Although some mistake-proofing devices that will be needed in medicine will be created in-house or in an individual's garage or workshop, others will require more sophisticated design and production help. Competencies in inventive processes, design, fabrication, and assembly will be needed in some cases, and not all medical organizations will have these capabilities. These competencies usually will be found in engineering, maintenance, or biomedical engineering departments. In the absence of these departments, organizations must find other sources of supply.
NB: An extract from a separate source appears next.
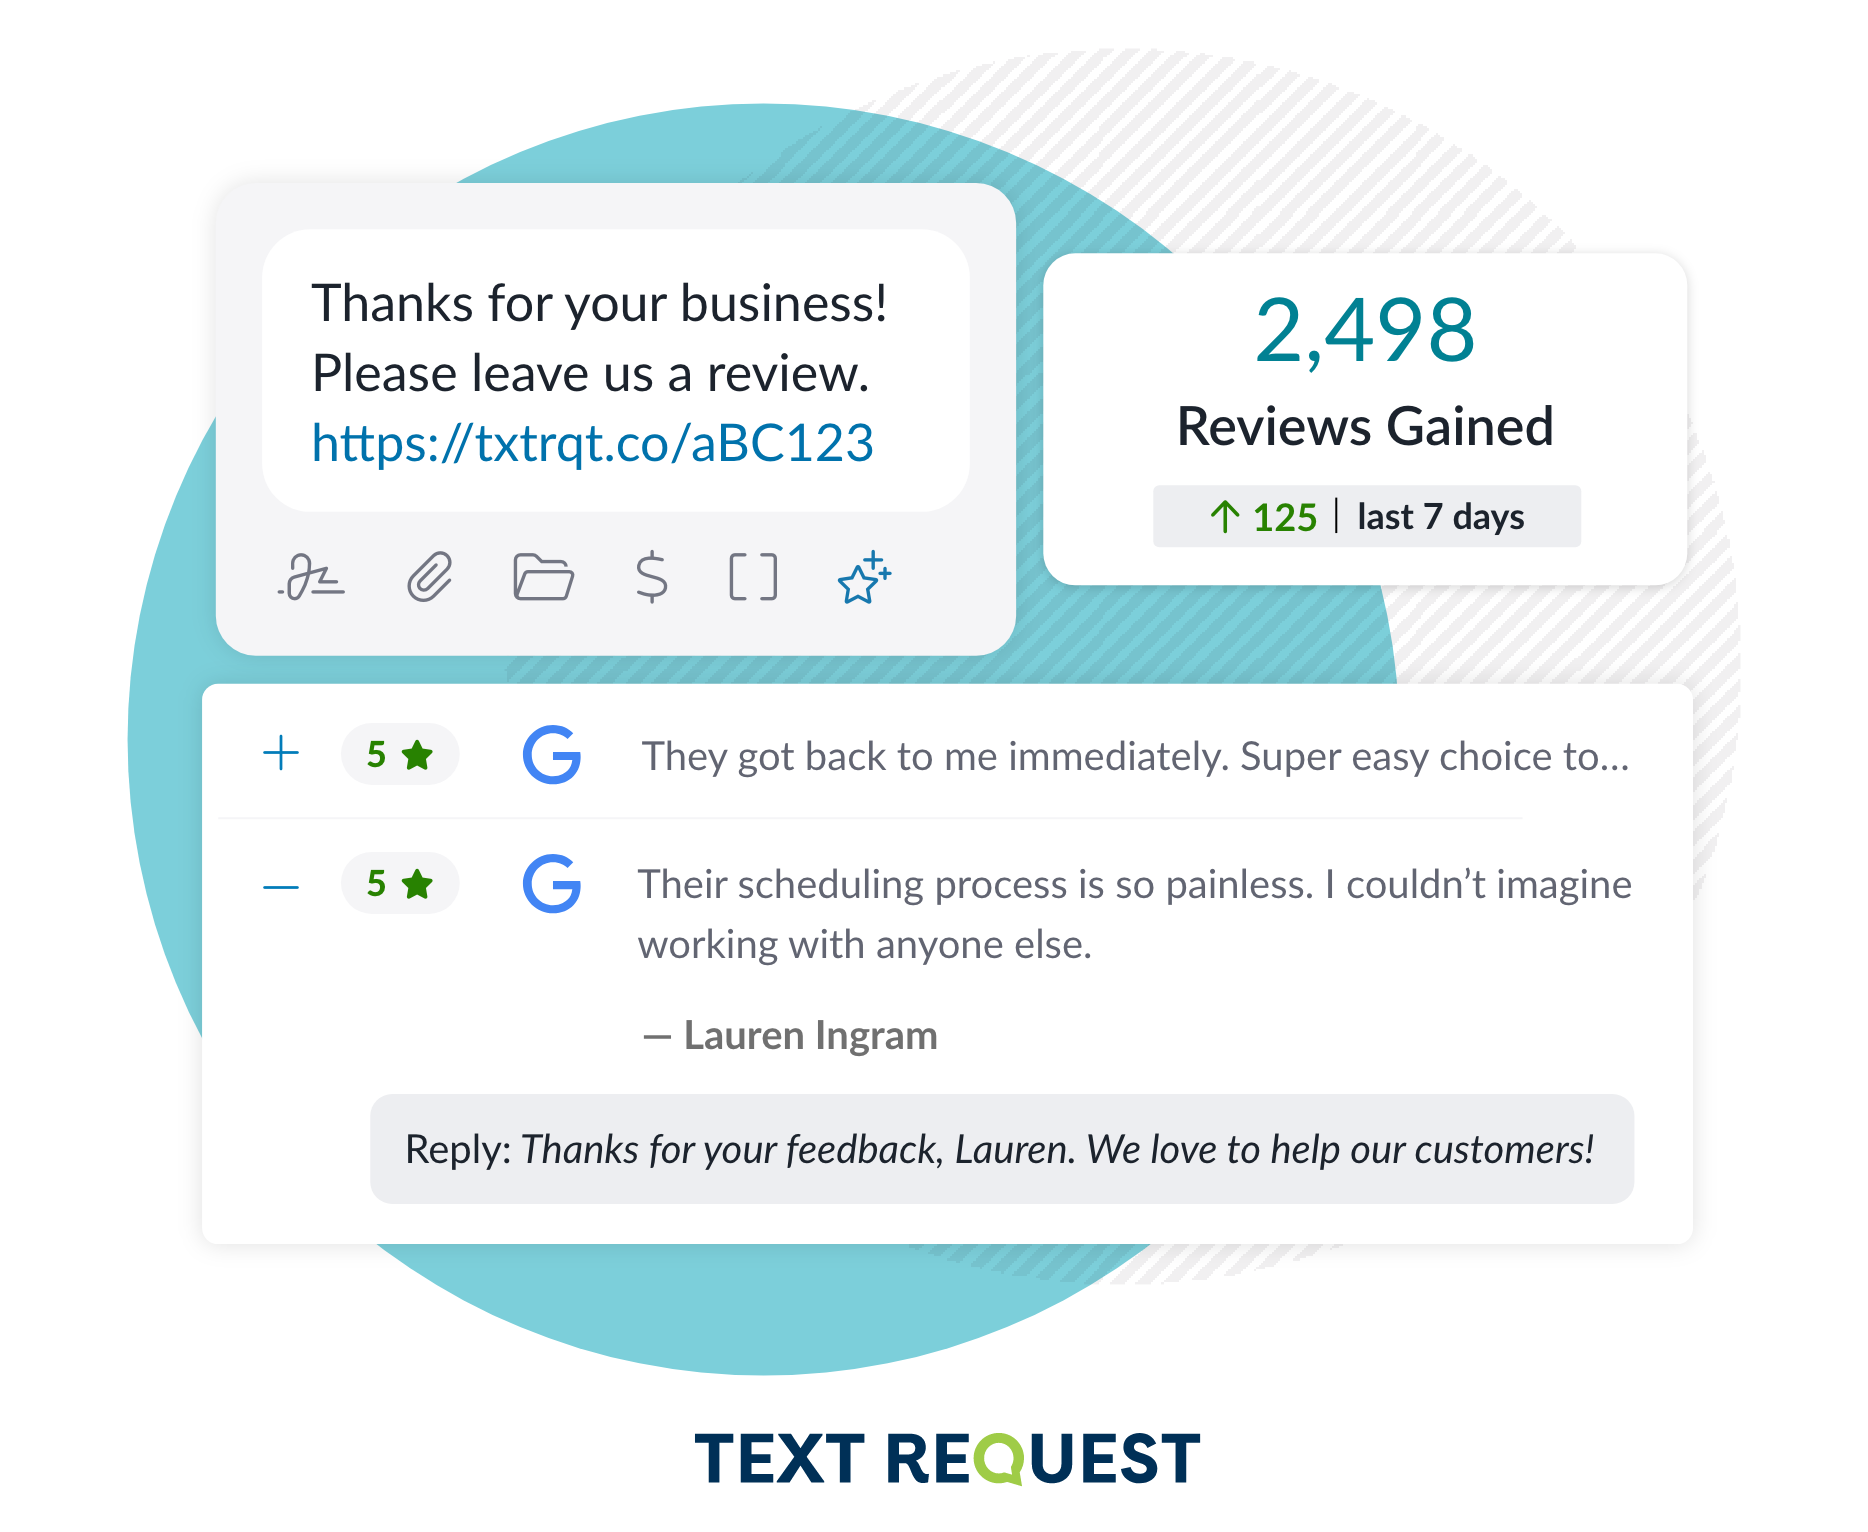 Text Request Google Review Management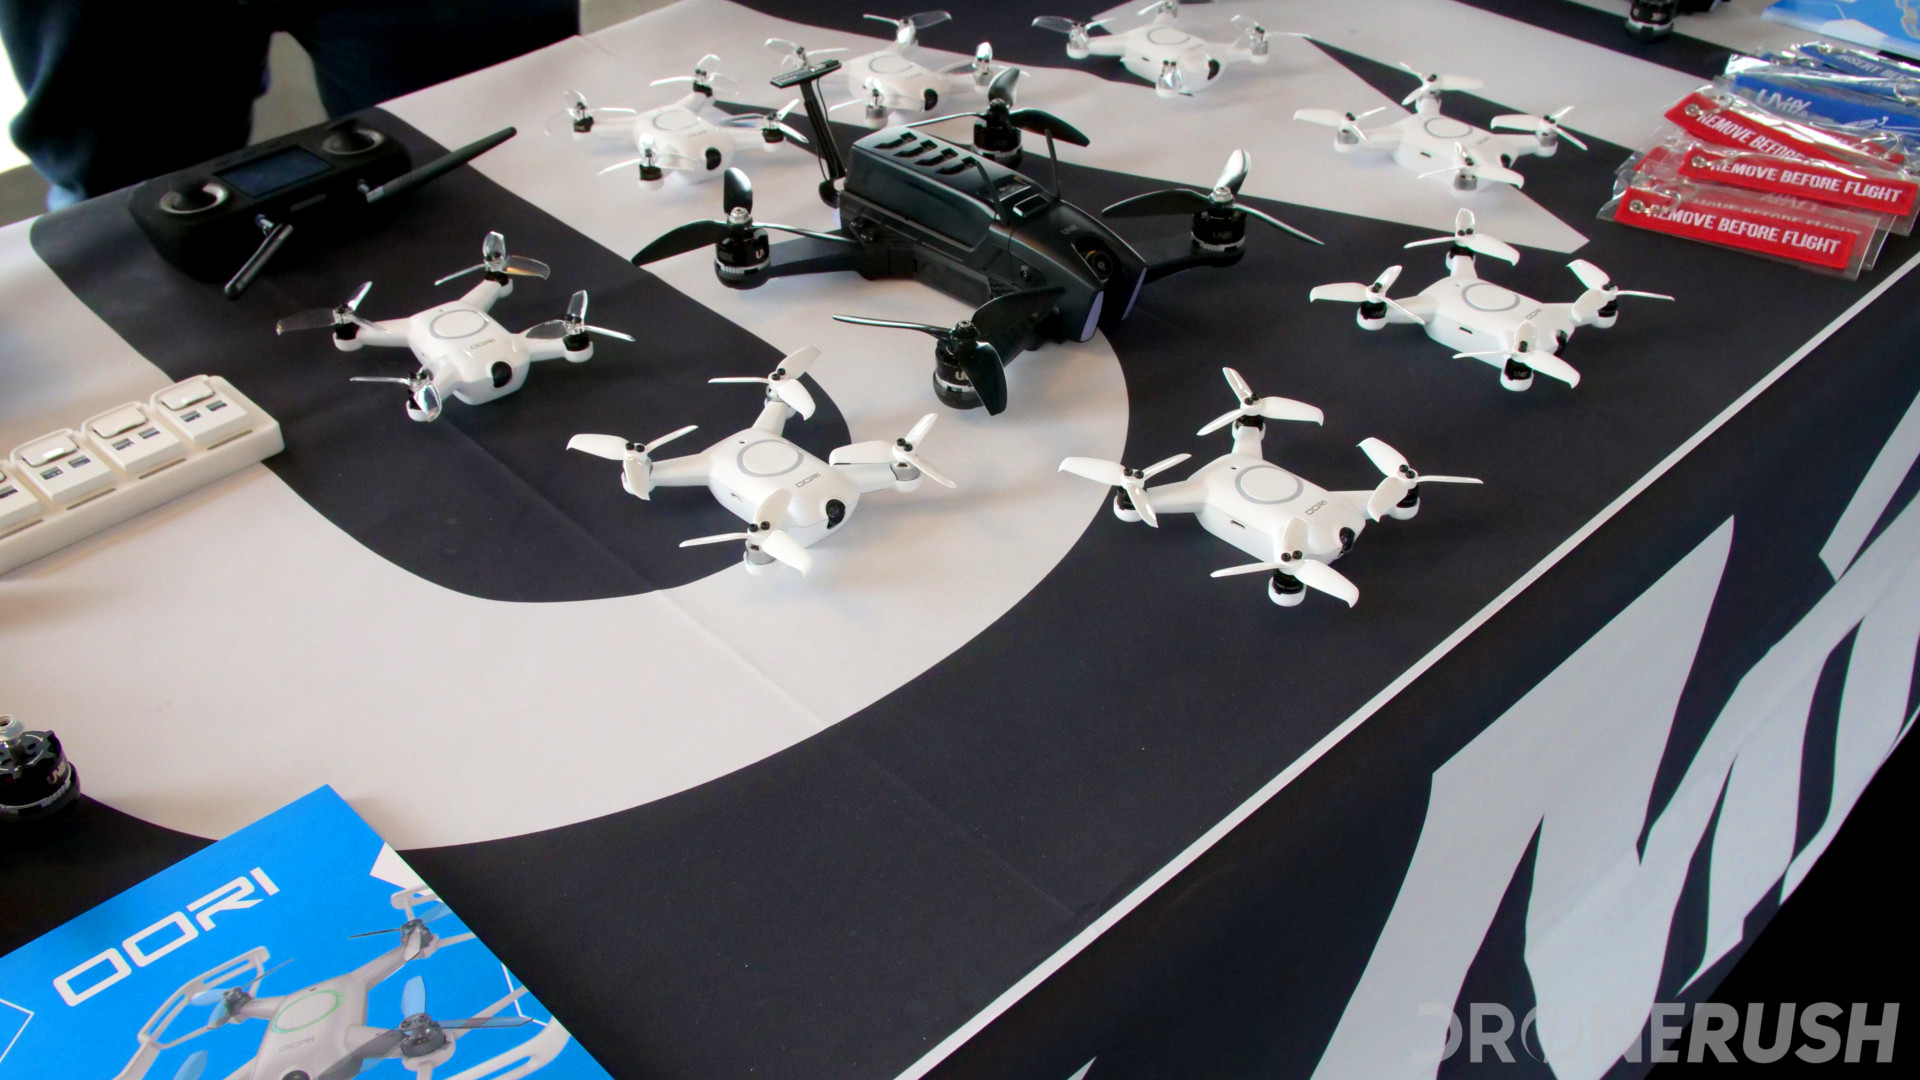 Meet UVify's OOri, The World's Fastest Micro Drone

One place to begin the search for help in developing a prototype for minimal cost is the engineering school at local colleges. Occasionally, engineering students may undertake projects as part of a class. Engineering programs will typically have two types of classes where devices could be designed and fabricated: "senior capstone design" courses and independent research courses. Organizations should expect to provide funding for required materials, but they may be able to avoid labor costs and profit margins. Squire6 suggests that:

... the school be physically close ... you want to be able to go there and explain the idea ... undergraduate engineers have a tendency to go off on their own, and without being available to see the development, you may end up with something very different than you envisioned.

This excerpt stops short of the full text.